5.2 Interaction between core coder and spatial audio coding

So far, the core coder and the parametric stereo coder have mostly been described as separate processes. It is well known that core coders result in audible artifacts if the bitrate is relatively low. Such artifacts include audible pre-echos resulting from quantization noise just before transients, ‘warbling’ or ‘underwater’ effects resulting from spectral holes, and alike. On the other hand, a parametric stereo coder may also result in audible artifacts if employed at low bitrates. Examples of such artifacts are a loss of ‘width’, audible crosstalk or instable sound source positioning. When these coding methods are combined in a single audio codec, it is likely that audible artifacts resulting from the core coder as well as parametric stereo will determine the overall perceived quality, and that the artifacts may ‘add up’ in some way when the perceived quality of the complete system is determined.

As discussed in Chapter 1, bitrate reduction in conventional lossy audio coders is obtained predominantly by exploiting the phenomenon of masking. Therefore, lossy audio coders rely on accurate and reliable masking models, which are often applied on individual channel signals in the case of a stereo or multi-channel signal. For a parametric stereo extended (mono) audio coder, however, the masking model is applied only once on a certain combination of the two input signals. This scheme has two implications with respect to masking phenomena.

The first implication relates to spatial unmasking of quantization noise.
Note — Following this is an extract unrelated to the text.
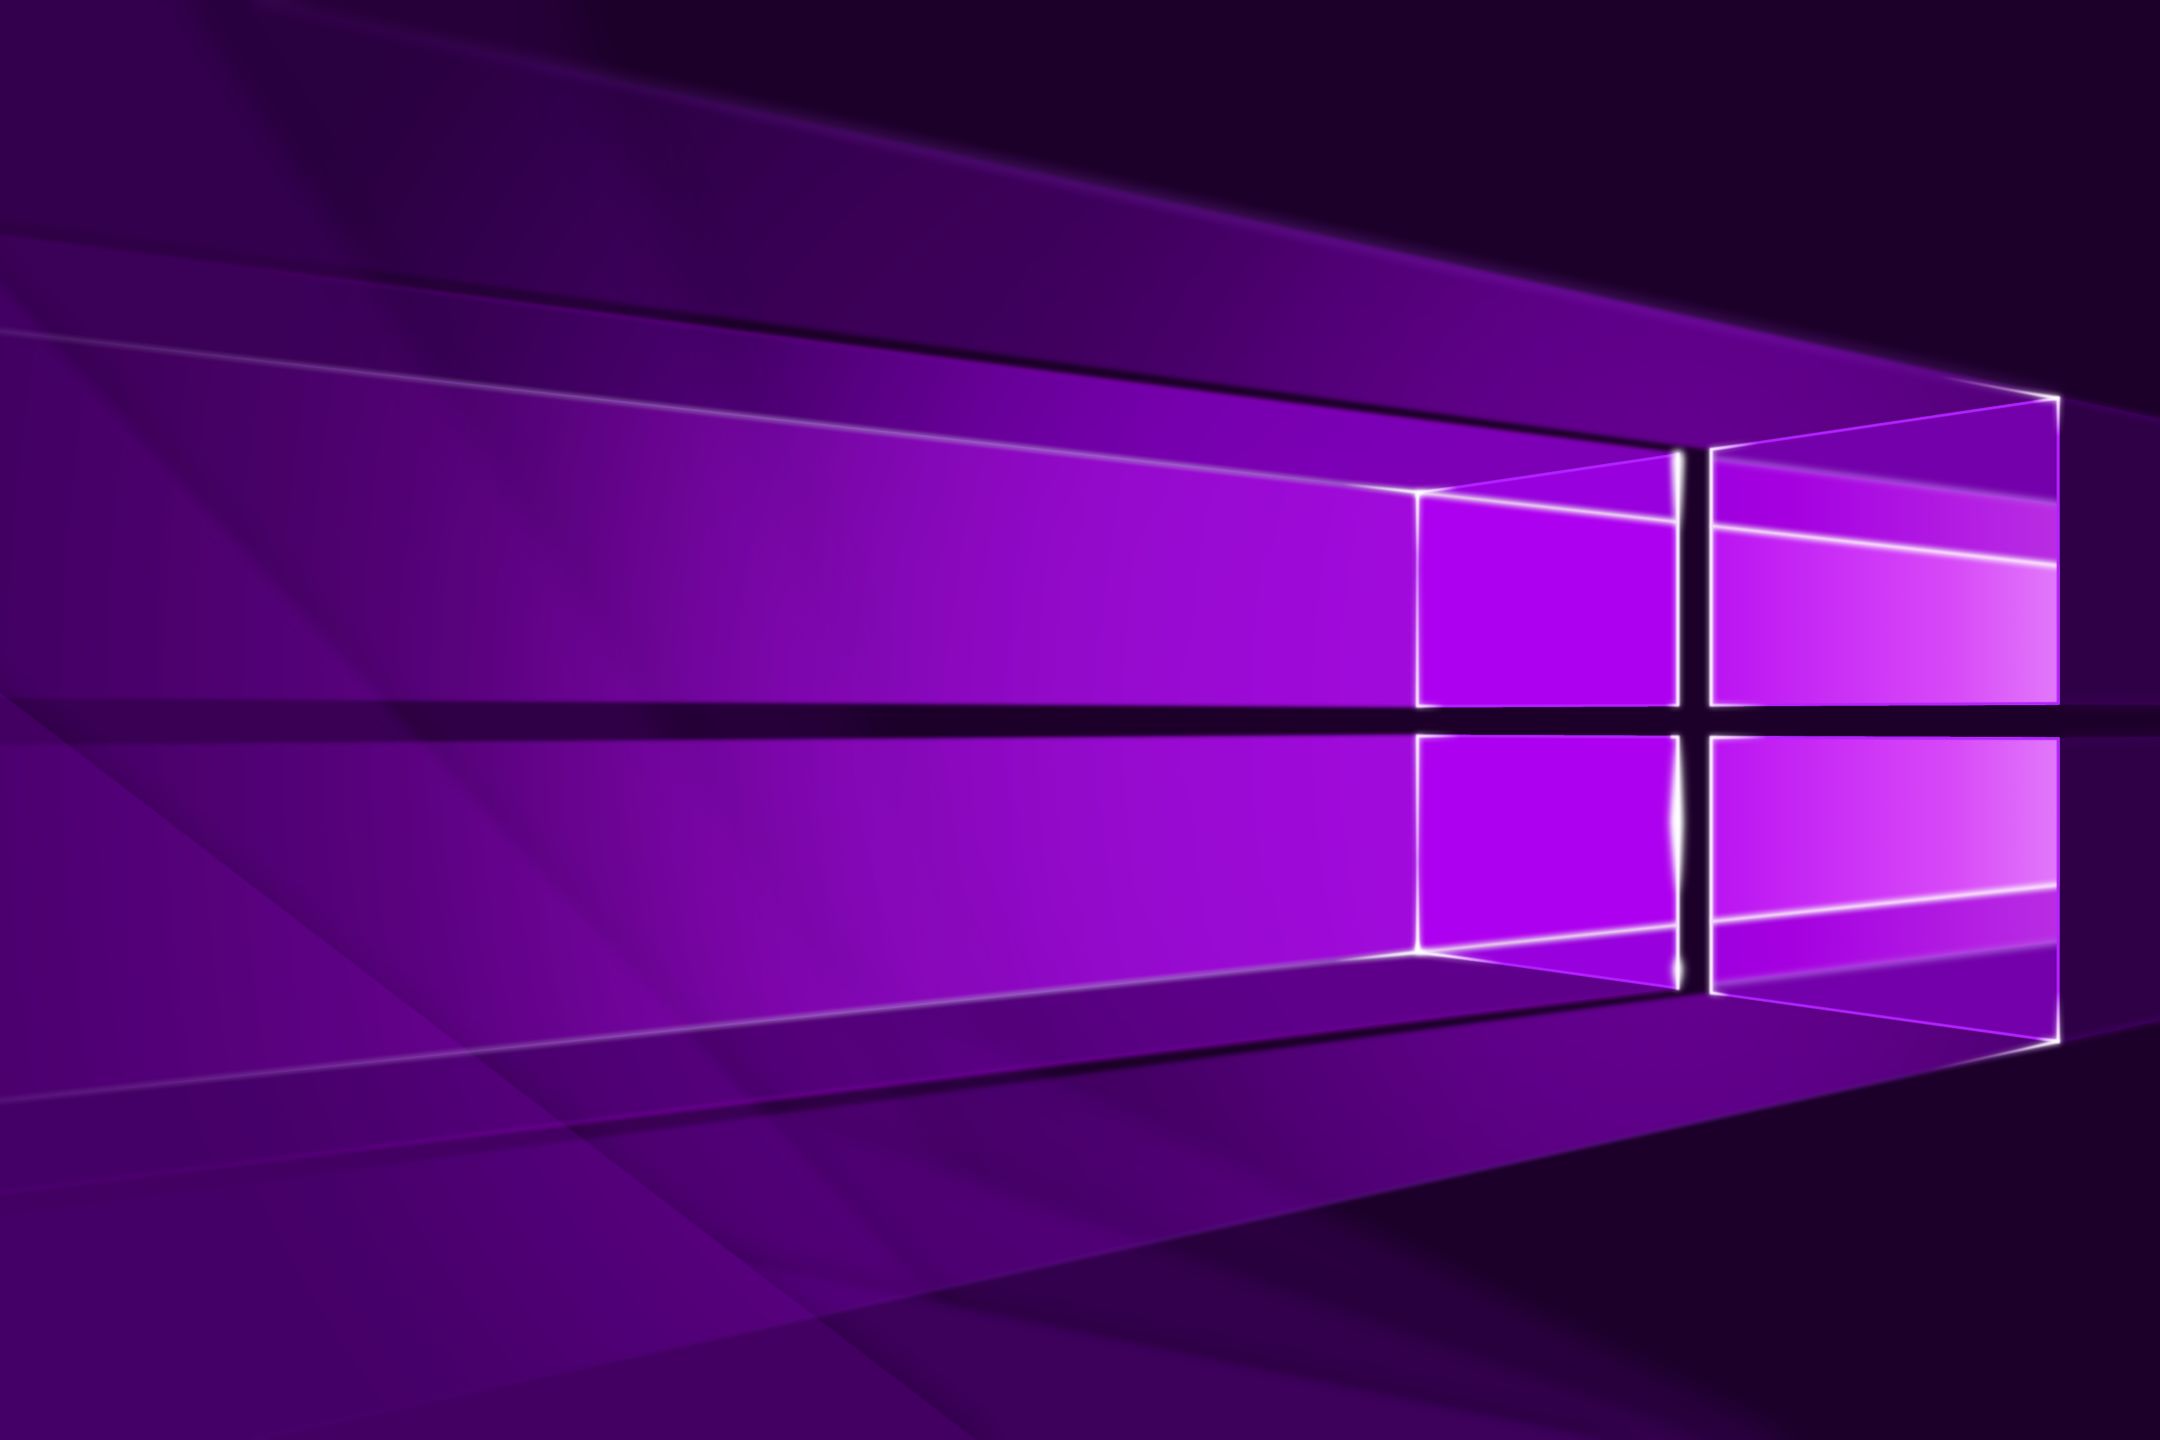 operating system, windows 10, technology, purple, windows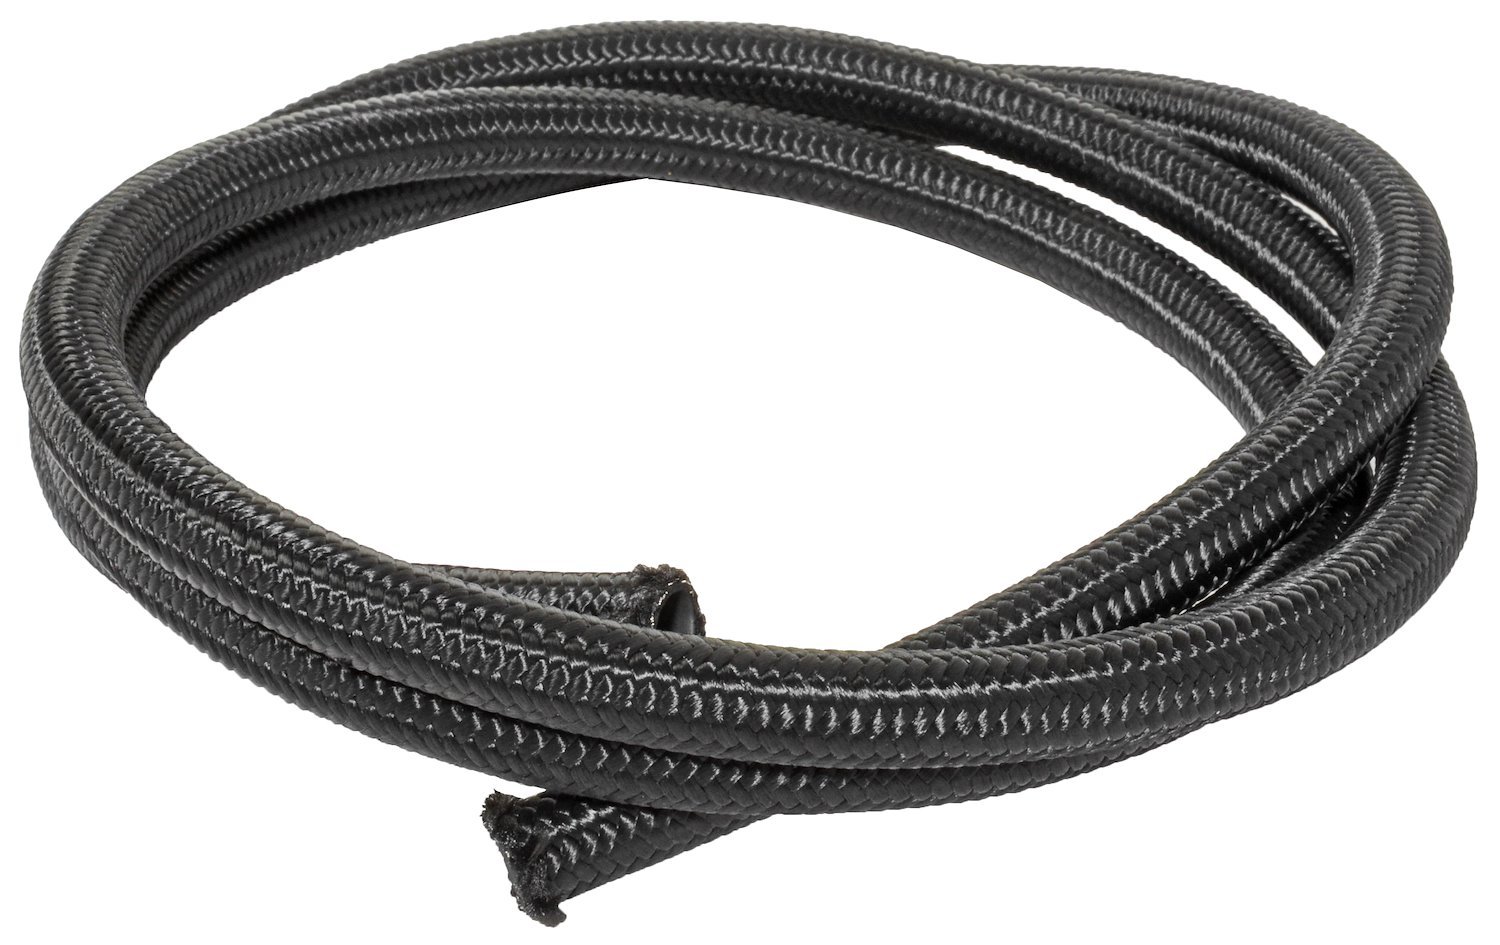 Pro-Flo 350 Black Nylon Braided Hose [-6 AN, 20 ft]

In stereo waveform or transform coders, individual quantizers are applied on the two input signals or on linear combinations of the input signals. As a consequence, the injected quantization noise may exhibit different spatial properties than the audio signal itself. Due to binaural unmasking, the quantization noise may thus become audible, even if it is inaudible if presented monaurally. For tonal material, this unmasking effect (or BMLD, quantified as threshold difference between a binaural condition and a monaural reference condition) has shown to be relatively small (about 3 dB, see [127, 128]). However, it is expected that for broadband maskers, the unmasking effect is much more prominent. If one assumes an inter-aurally in-phase noise as masker, and a quantization noise which is either interaurally in-phase or inter-aurally uncorrelated, BMLDs are reported to be about 6 dB [72]. More recent data revealed BMLDs of 13 dB for this condition, based on a sensitivity of changes in the correlation of 0.045 [29]. To prevent these spatial unmasking effects of quantization noise, conventional stereo coders often apply some sort of spatial unmasking protection algorithm.

For a parametric stereo enhanced coder, on the other hand, there is only one waveform or transform quantizer, working on the mono (down-mix) signal. In the stereo reconstruction phase, both the quantization noise and the audio signal present in each frequency band will obey the same spatial properties. Since a difference in spatial characteristics of quantization noise and audio signal is a prerequisite for spatial unmasking, this effect is less likely to occur for parametric stereo enhanced coders than for conventional stereo coders.